September 04, 2007

Macros: what are they good for?

Paul Graham wrote an entire book about the uses of Common Lisp macros. In it, he lists the basic things you can do with macros (pp 107-109). Here's my condensed version:
  1. Transformation
    • treat argument as a syntax tree data structure rather than code to be evaluated
    • argument can be transformed before being compiled (example)
  2. Binding
    • if you want to pass an argument to a function that doesn't evaluate its argument, you can't evaluate your argument either
  3. Conditional evaluation
    • don't evaluate any argument whose value isn't needed
  4. Multiple evaluation
    • do as many evaluations of an argument as necessary
  5. Using the calling environment
    • equivalent to referring to global variables
    • so much for lexical scope
    • this is almost always a mistake (you should pass it in as a parameter instead)
  6. Wrapping a new environment
    • macros can redefine variables that appear in their arguments before the argument is evaluated
    • this is useful, but creates nasty bugs when it happens by accident
  7. Saving function calls
    • Do as much work at compile time as possible
    • Similar to inline functions, constant folding
5 and 6 are not allowed in Scheme's hygienic macros. These evaluate free variables using lexical scope (eliminating 5), and automatically gensym new variables in macros (preventing 6). I agree with eliminating 5, but 6 can be extremely useful. For example, 4 is really a special case of 6, since evaluating an argument will give you the same answer every time unless you change the environment in which it's evaluated.

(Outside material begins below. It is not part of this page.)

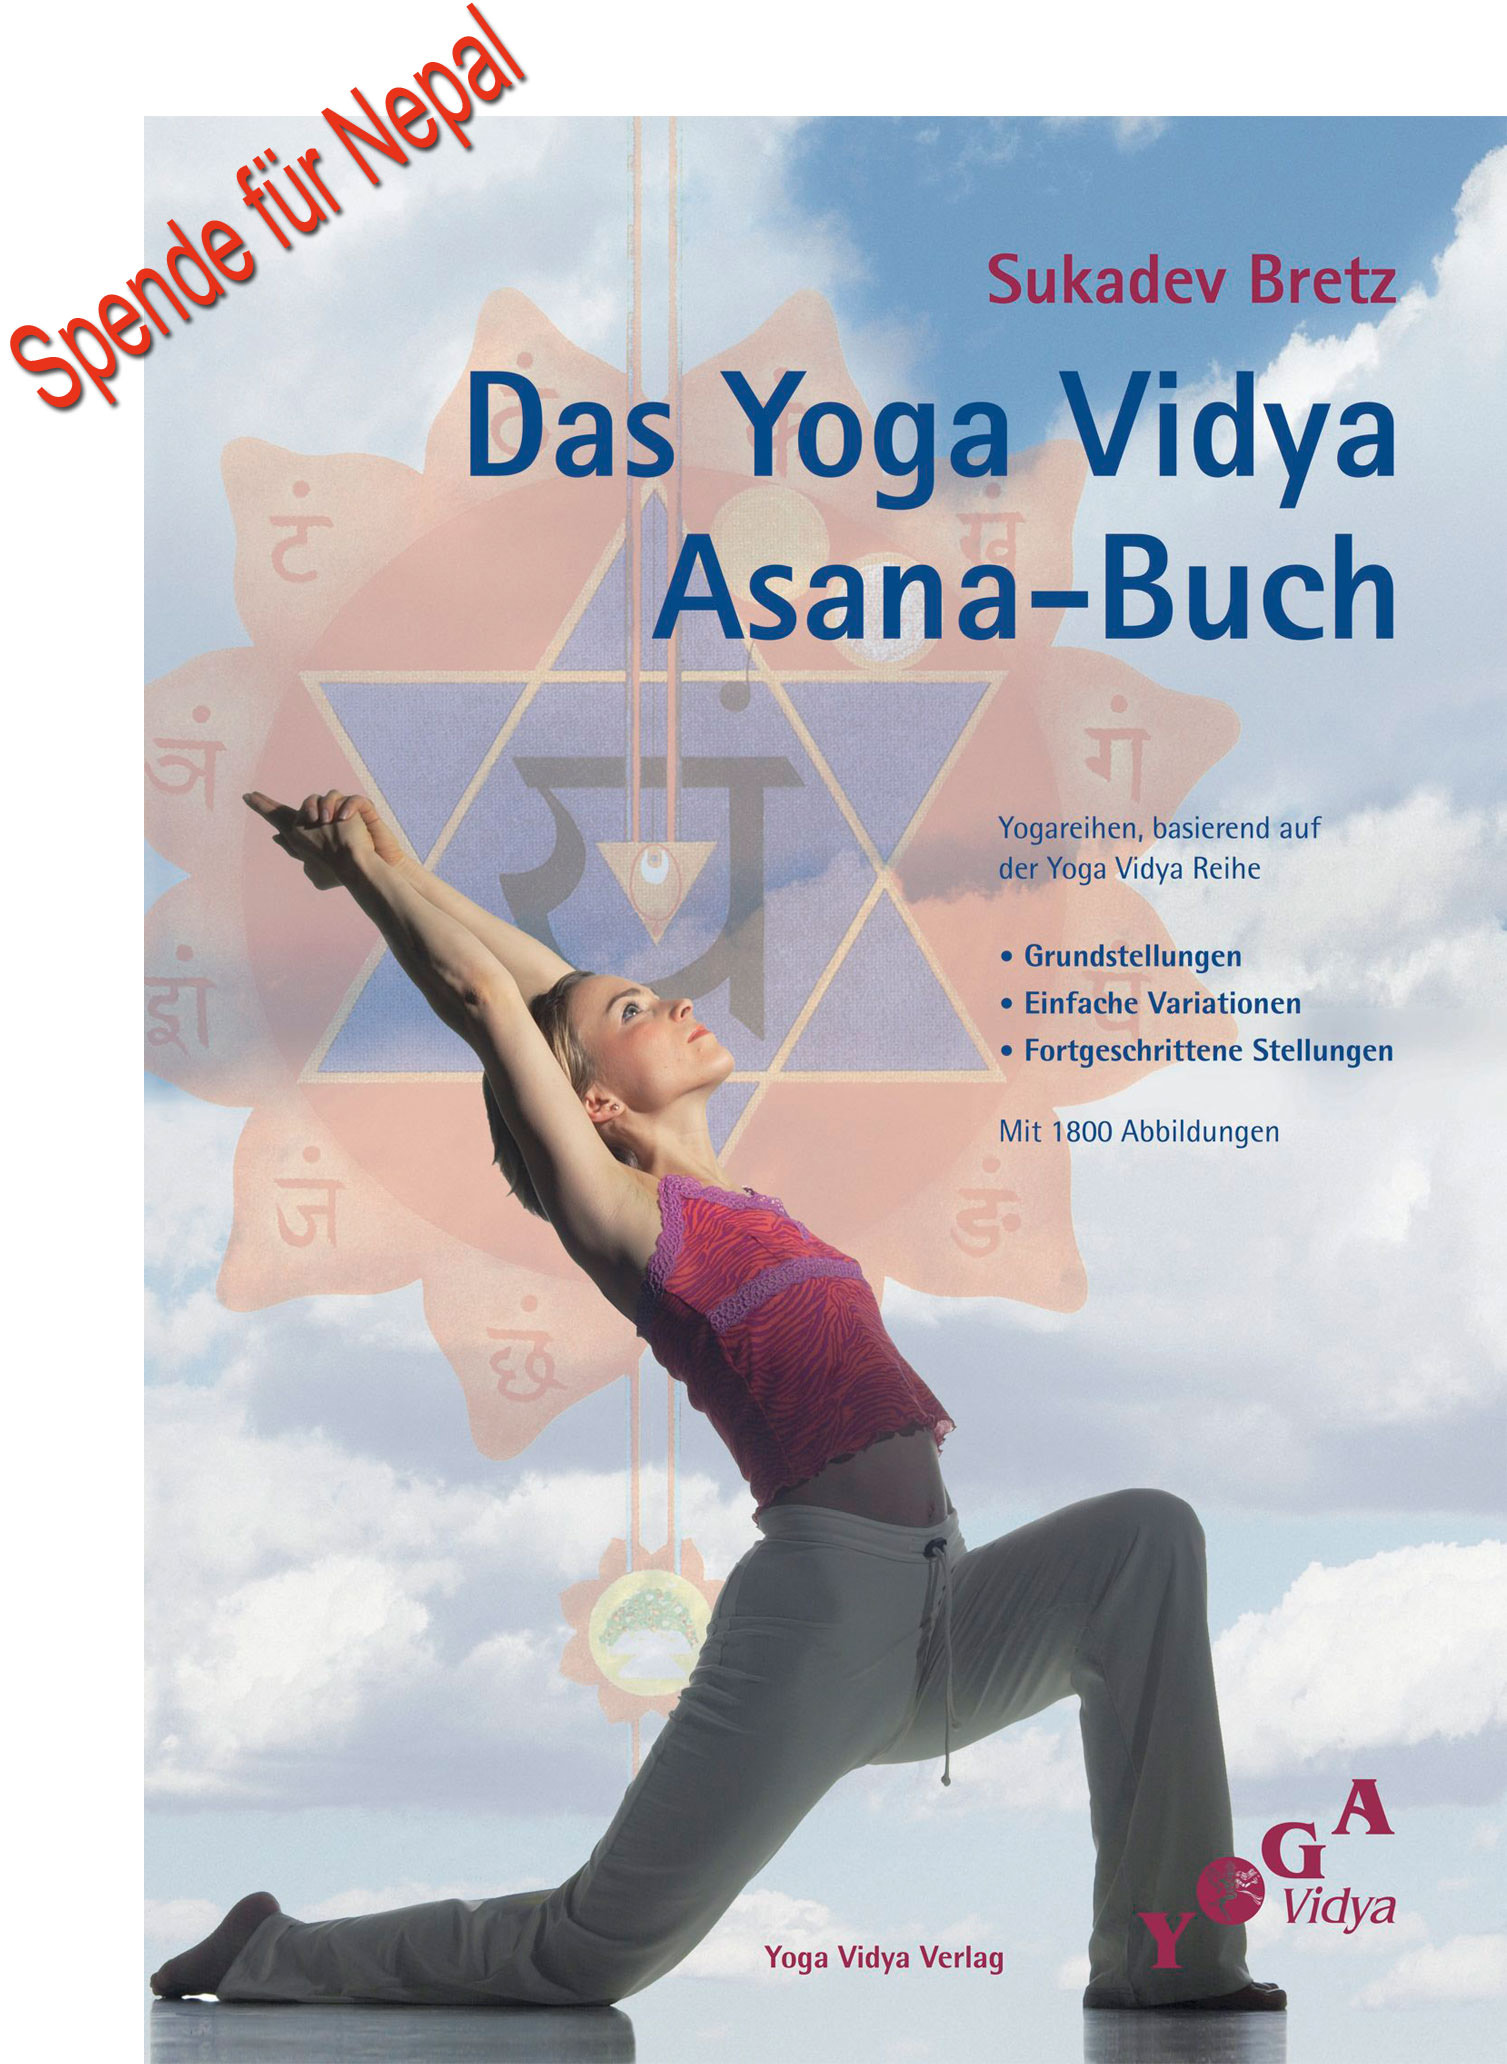 Yoga Vidya Asana Buch
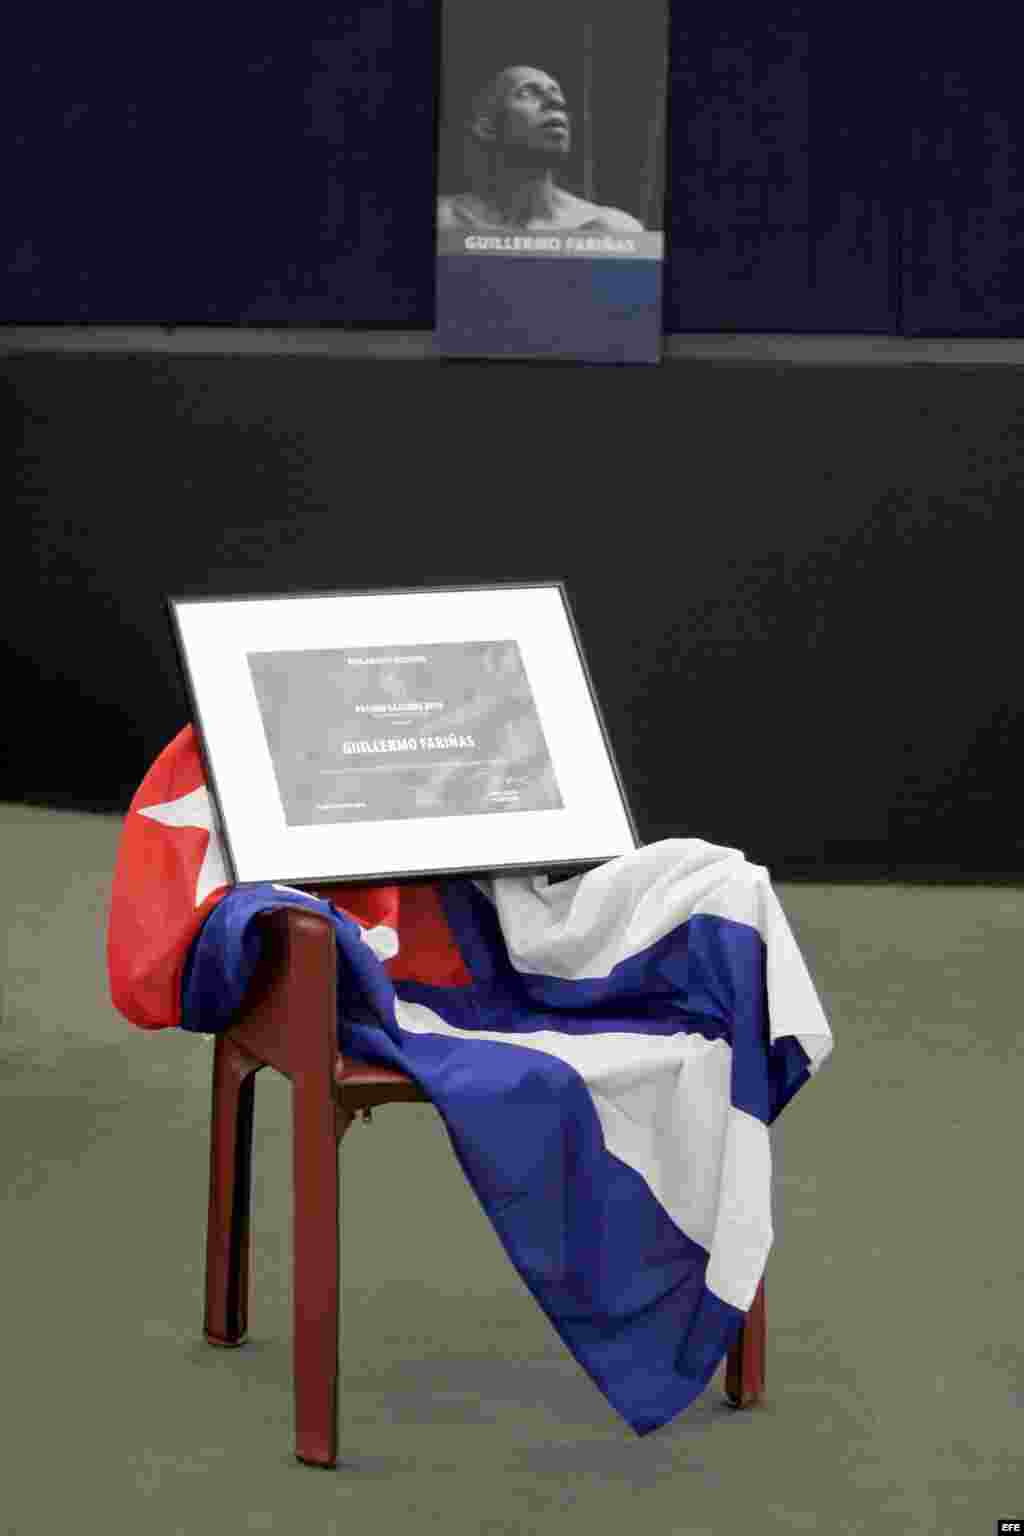 La silla reservada al disidente cubano Guillermo Fariñas permanece vacía durante la ceremonia de entrega del premio Sájarov 2010 del Parlamento Europeo a la libertad de conciencia.

A lot of this has to do with strict vs lazy functions, that is, strict functions, which evaluate all their arguments exactly once, at the time when they are called, vs lazy functions, which only evaluate an argument at the time(s) (if any) the value is required. Various languages allow this, e.g., Scala, which is strict by default but allows lazy functions, or Haskell, which is lazy by default but allows strict behaviour. However, many programmers use languages that are completely strict (C, C++, Java, etc.) or restrict themselves to subsets of a language which are entirely strict (Lisp without macros, Perl and Python without certain libraries).

On Lisp also lists some good and bad points about macros (again, my condensed version):

The Good:
  • Computation at compile time (as much as possible)
    • a well-made compiler should be doing this automatically
  • Integration (e.g., write a compiler that translates a mini-language into the base language)
    • This is basically another way of saying "compute at compile time"
  • Saving function calls
    • again, a well-made compiler should be doing this automatically
The Bad:
  • Macros aren't first class
    • they should be, just like functions
  • Lack of clarity
    • code that rewrites code can be disconcerting at first
  • Lack of debugger support
    • debuggers are typically tuned to help you debug stuff that happens at run-time, not compile-time
  • Macro recursion
    • is even more confusing than normal recursion, but you managed that, right?
Haskell is of interest, because it was designed from the ground up with laziness in mind. Practically everything in Haskell is defined in terms of a transformation into simpler constructs, eventually terminating with a small subset of Haskell (the Haskell kernel). In short, everything in Haskell except the kernel is already a macro. The lazy functions are first class, don't look strange (because they're everywhere), and the debugger supports them (duh!). All you have to do is wrap your head around the idea of lazy evaluation, and you have half the power of macros without the disadvantages.

What you can ignore with Haskell:
2. not a problem; lazy evaluation by default
3. lazy evaluation by default
5. lexical scope by default
7. compiler does it automatically

So in Haskell, all you need to worry about are 4 & 6 (which are the same thing), and the big 1, which is hard to equal without Lisp's syntax tree data structures. I haven't learned enough Haskell to be sure, but some things I've read indicate Haskell allows these things too, in a nice way.